## What the task requires
Among the records that follow, find the line with "Another year, another" and the line with "#Montana #bozeman #bzn". Set down those lines and all lines between them exactly, without adding anything.

## Given entries
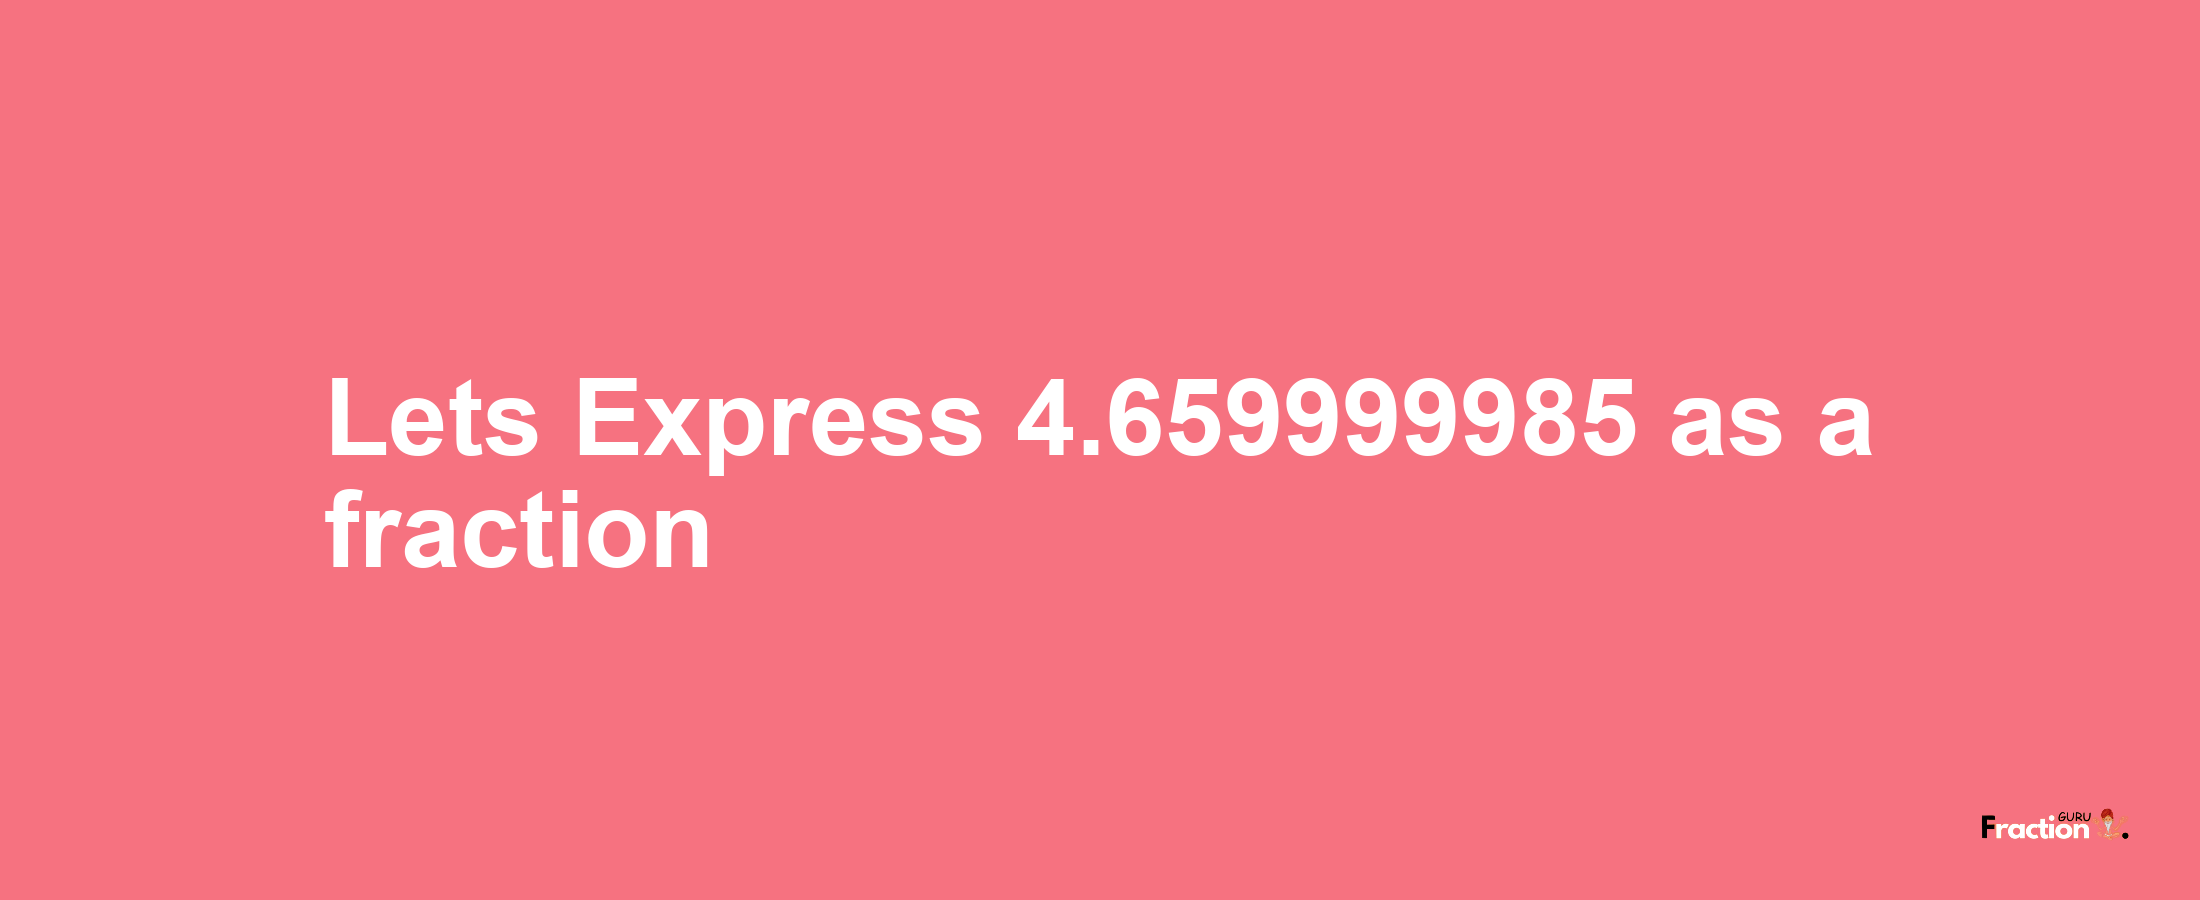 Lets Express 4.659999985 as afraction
--
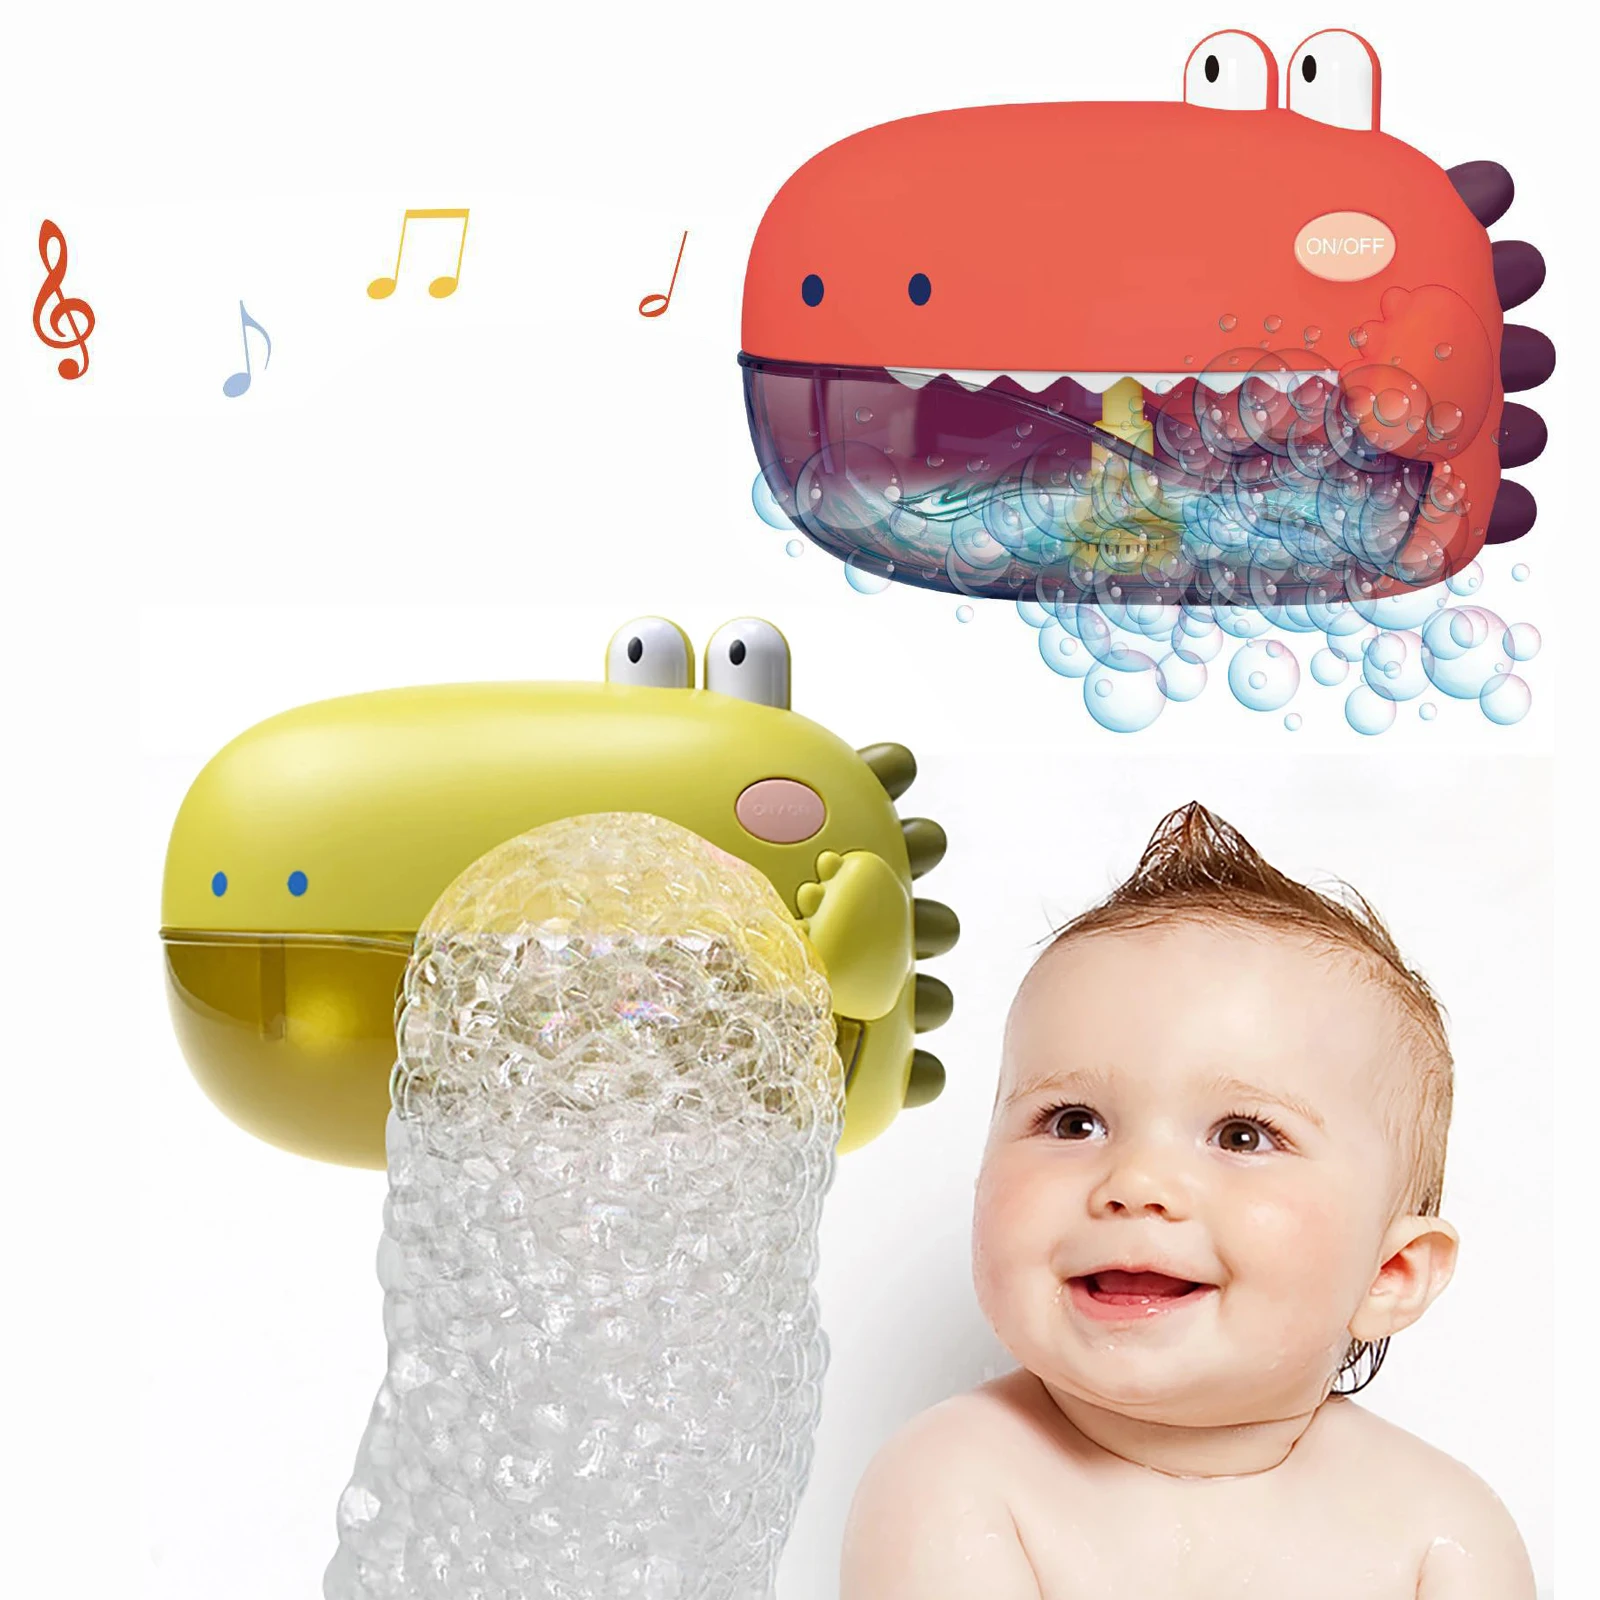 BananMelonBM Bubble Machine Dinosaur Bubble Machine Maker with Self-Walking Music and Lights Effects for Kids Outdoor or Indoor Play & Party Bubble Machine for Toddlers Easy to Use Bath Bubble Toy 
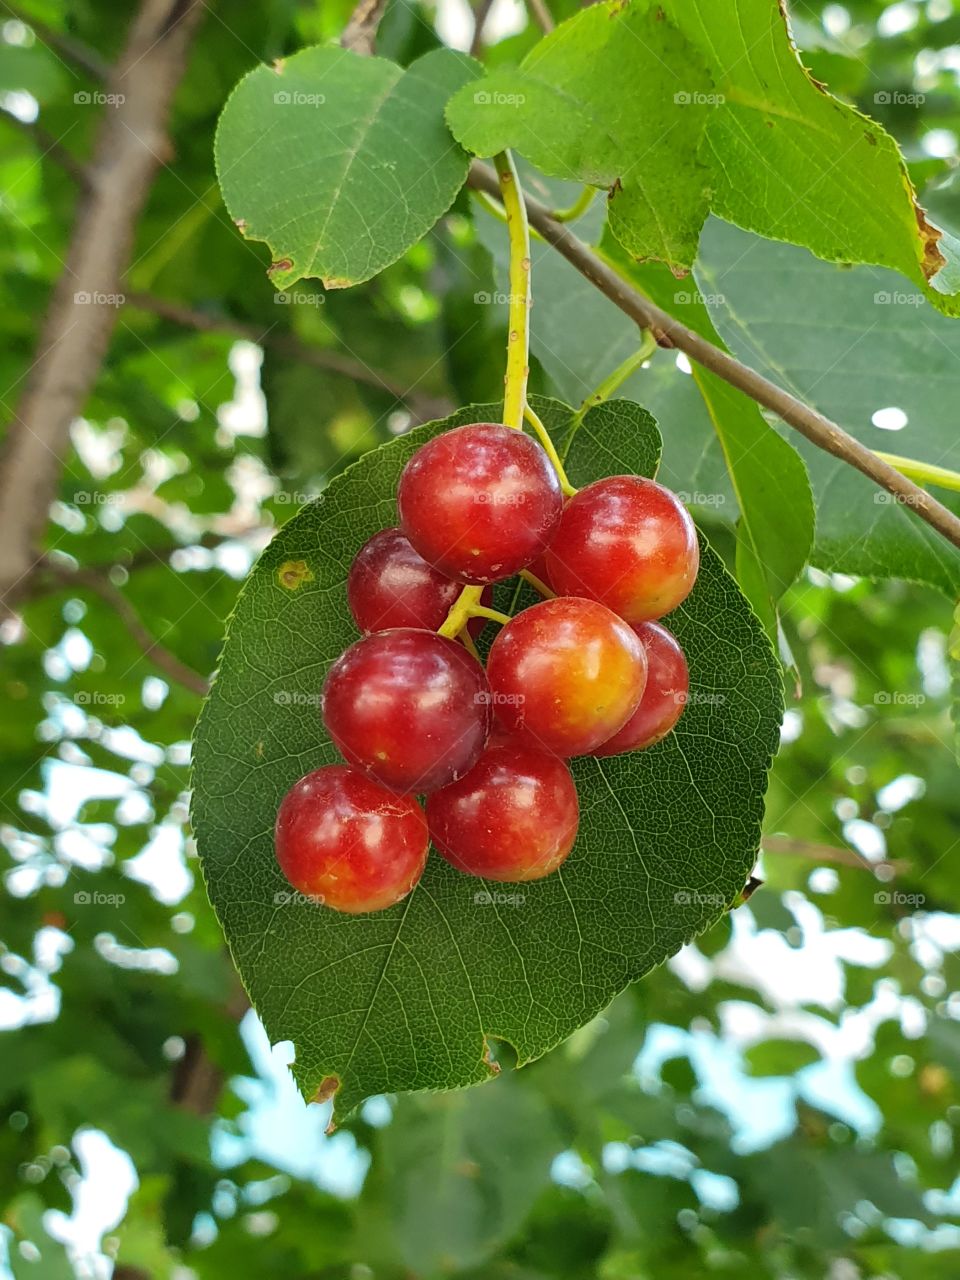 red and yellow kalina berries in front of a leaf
--
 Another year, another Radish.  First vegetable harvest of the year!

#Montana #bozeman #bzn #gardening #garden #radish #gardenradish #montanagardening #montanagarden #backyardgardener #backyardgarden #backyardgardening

## Answer space
 Another year, another Radish.  First vegetable harvest of the year!

#Montana #bozeman #bzn #gardening #garden #radish #gardenradish #montanagardening #montanagarden #backyardgardener #backyardgarden #backyardgardening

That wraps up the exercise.